As output, give the exact lines from the one containing "Ulisse. Il mare color del vino" through the end of the listing below, both included, without the pictures.

(Provided data Opens)

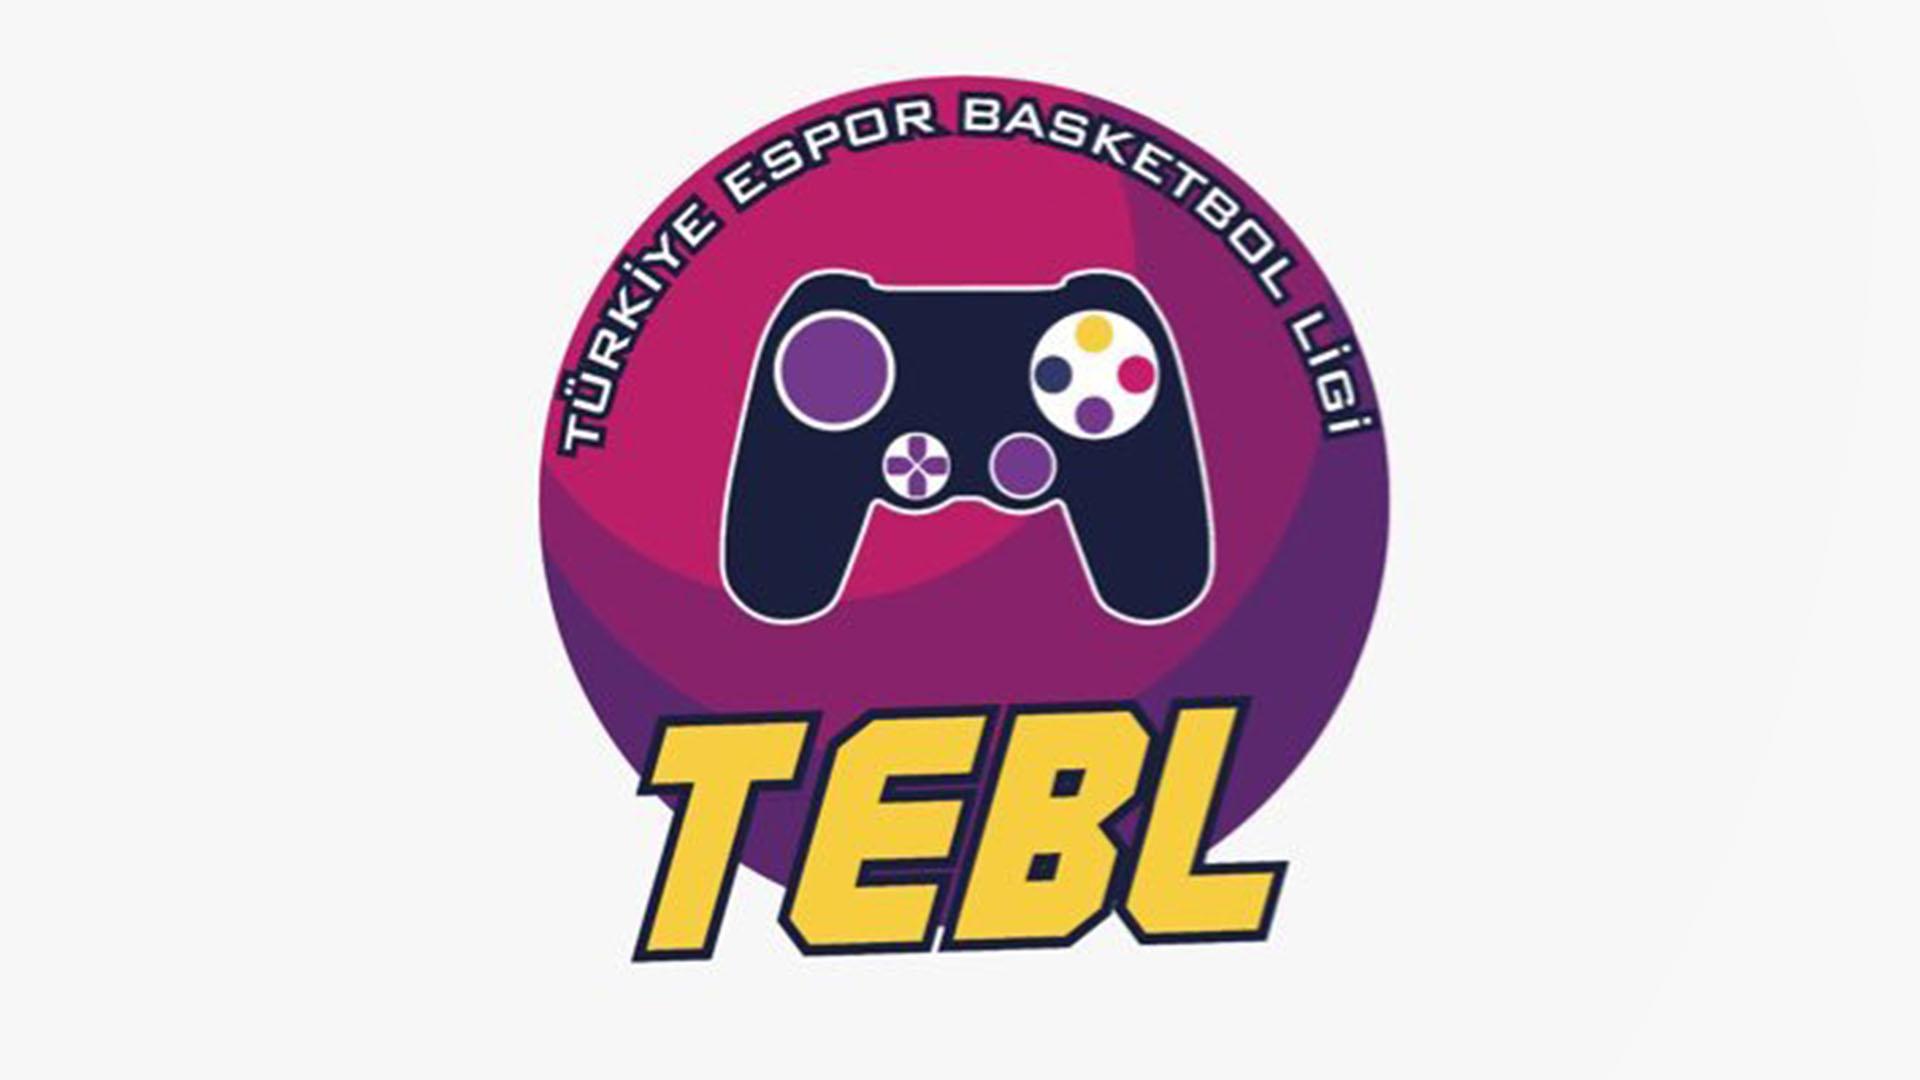 Türkiye Espor Basketbol Ligi 4. Hafta
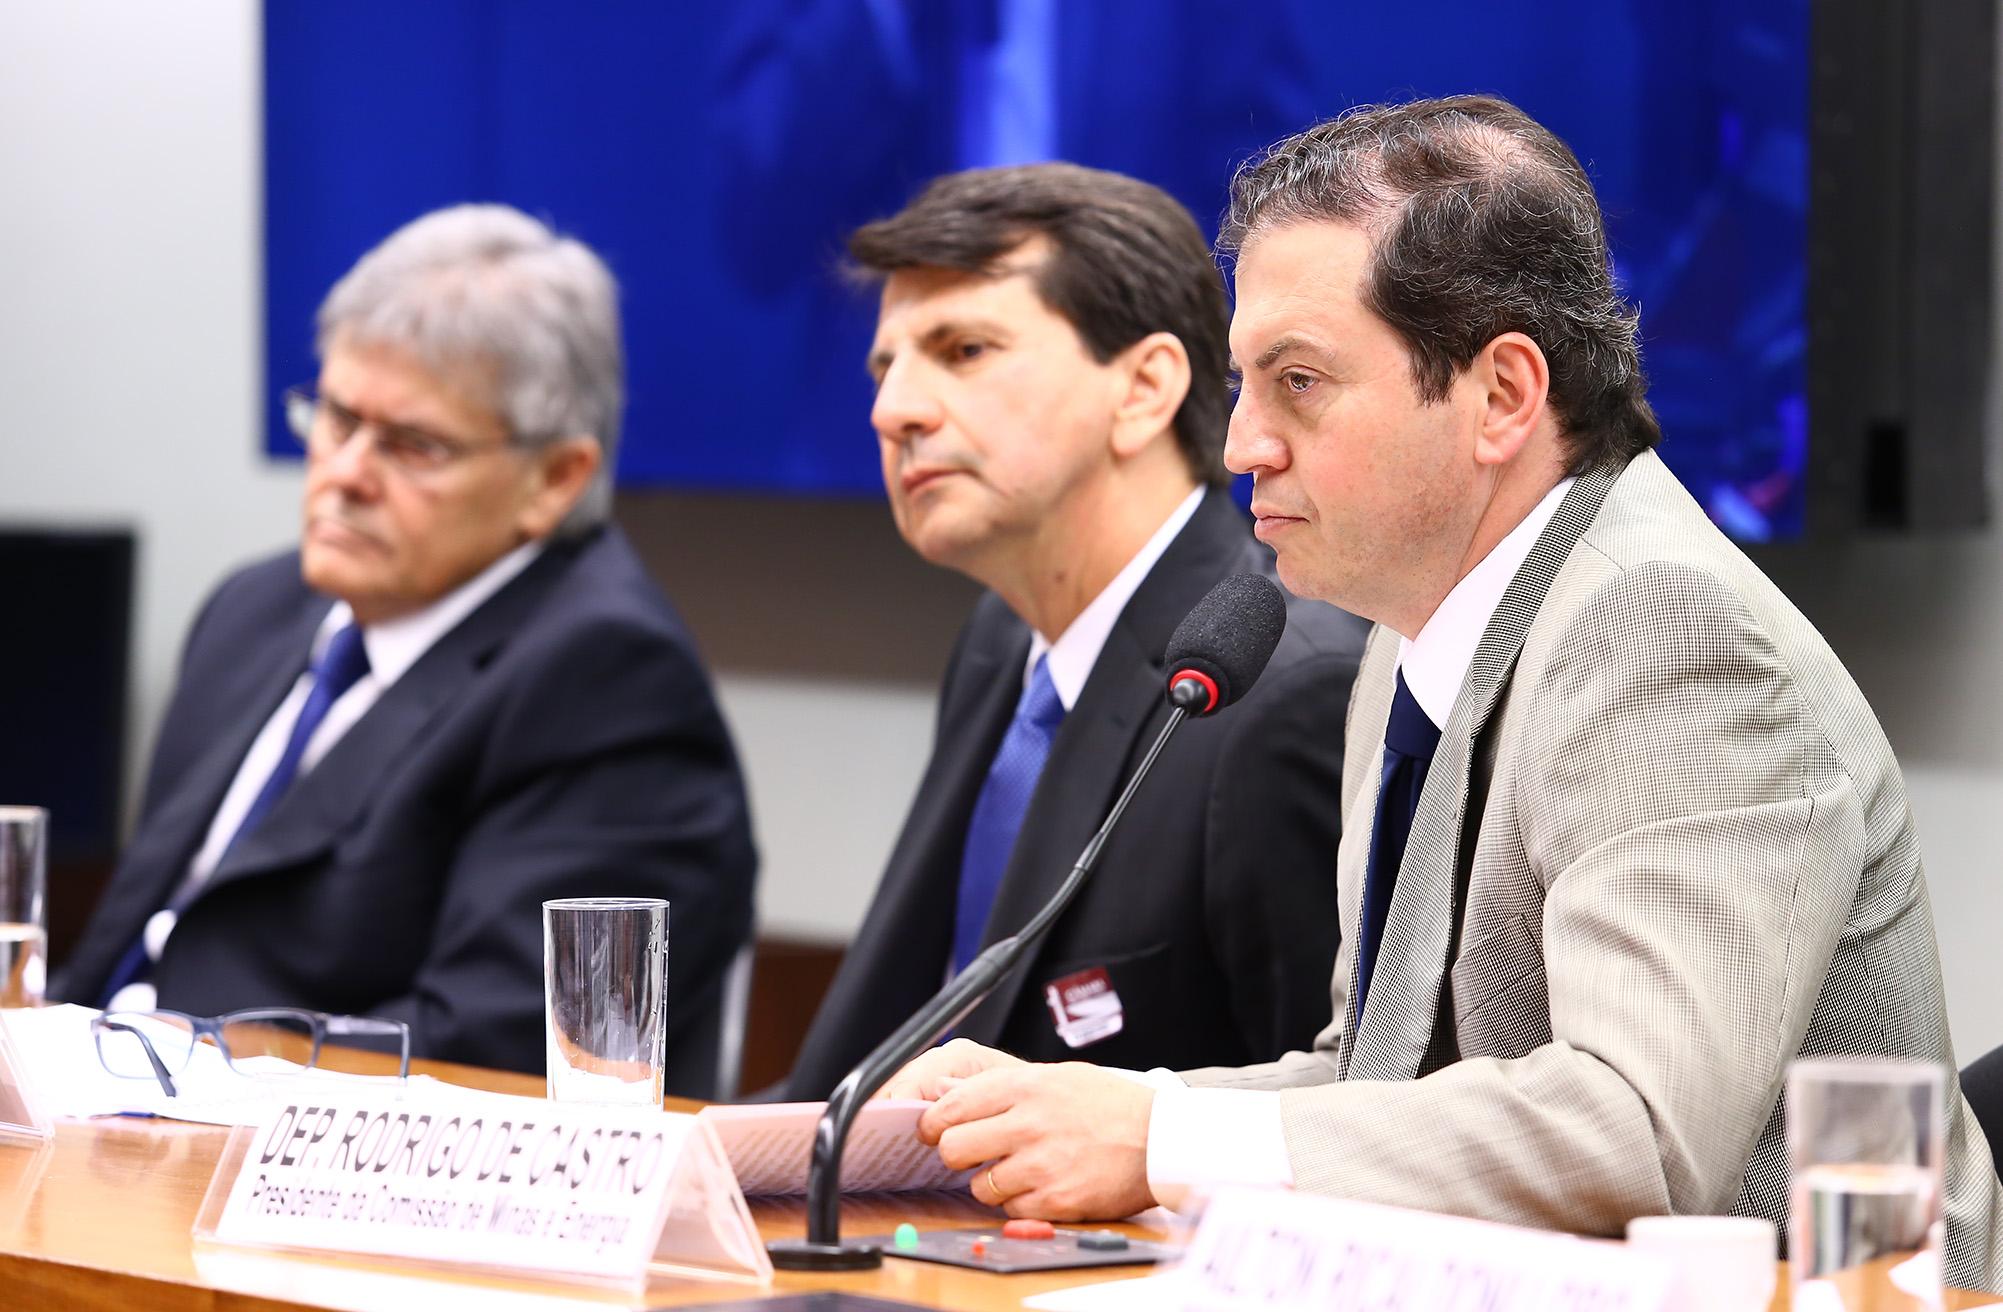 Audiência pública sobre Energia Eólica no Brasil. Presidente da CME, dep. Rodrigo de Castro (PSDB-MG)
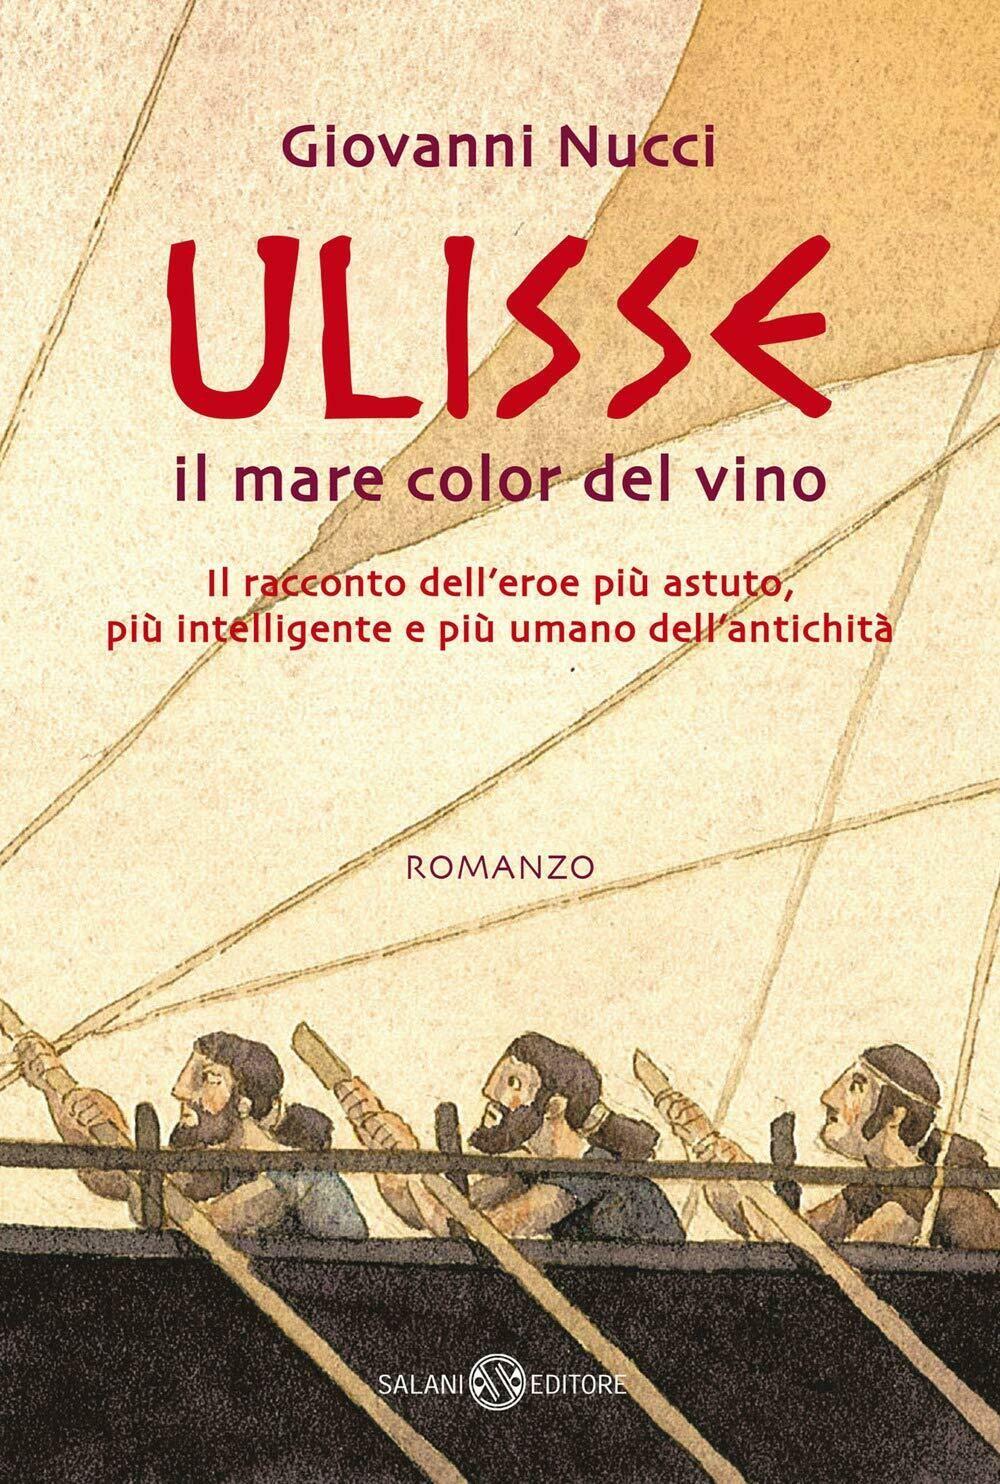 Ulisse. Il mare color del vino
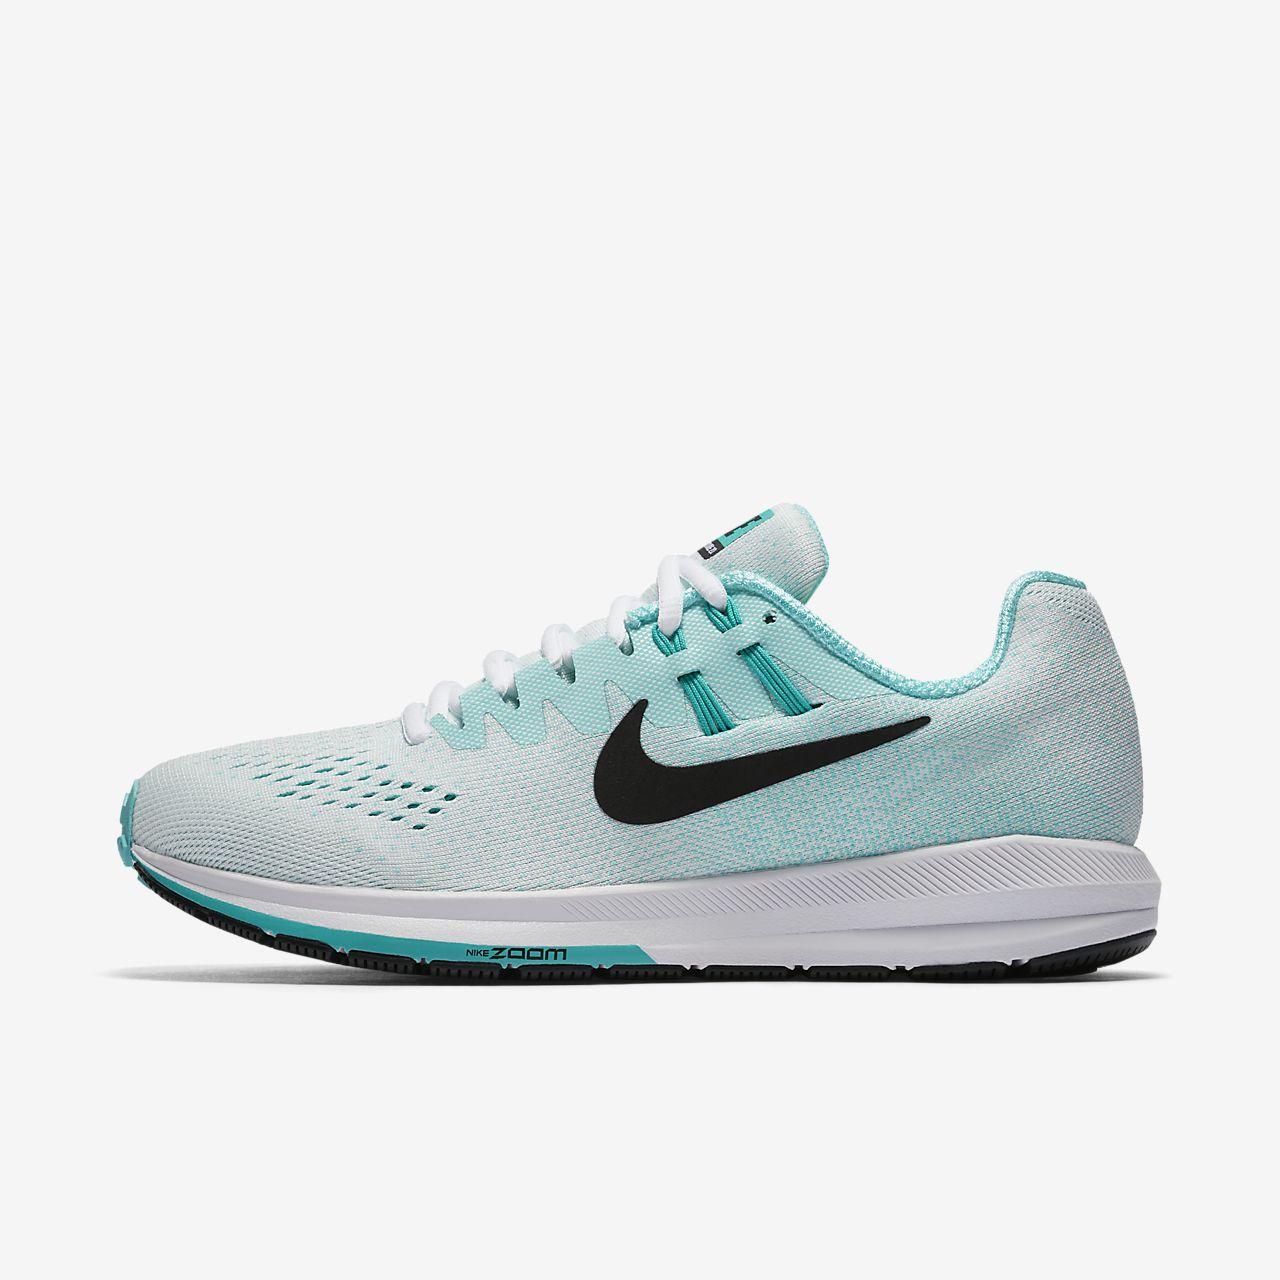 Nike Structure De Zoom De L'air 20 Mode Des Femmes De 90 collections discount express rapide wiki livraison gratuite QR6zAUDL

(Provided data Closes)

*Written answer*
 Ulisse. Il mare color del vino
 Nike Structure De Zoom De L'air 20 Mode Des Femmes De 90 collections discount express rapide wiki livraison gratuite QR6zAUDL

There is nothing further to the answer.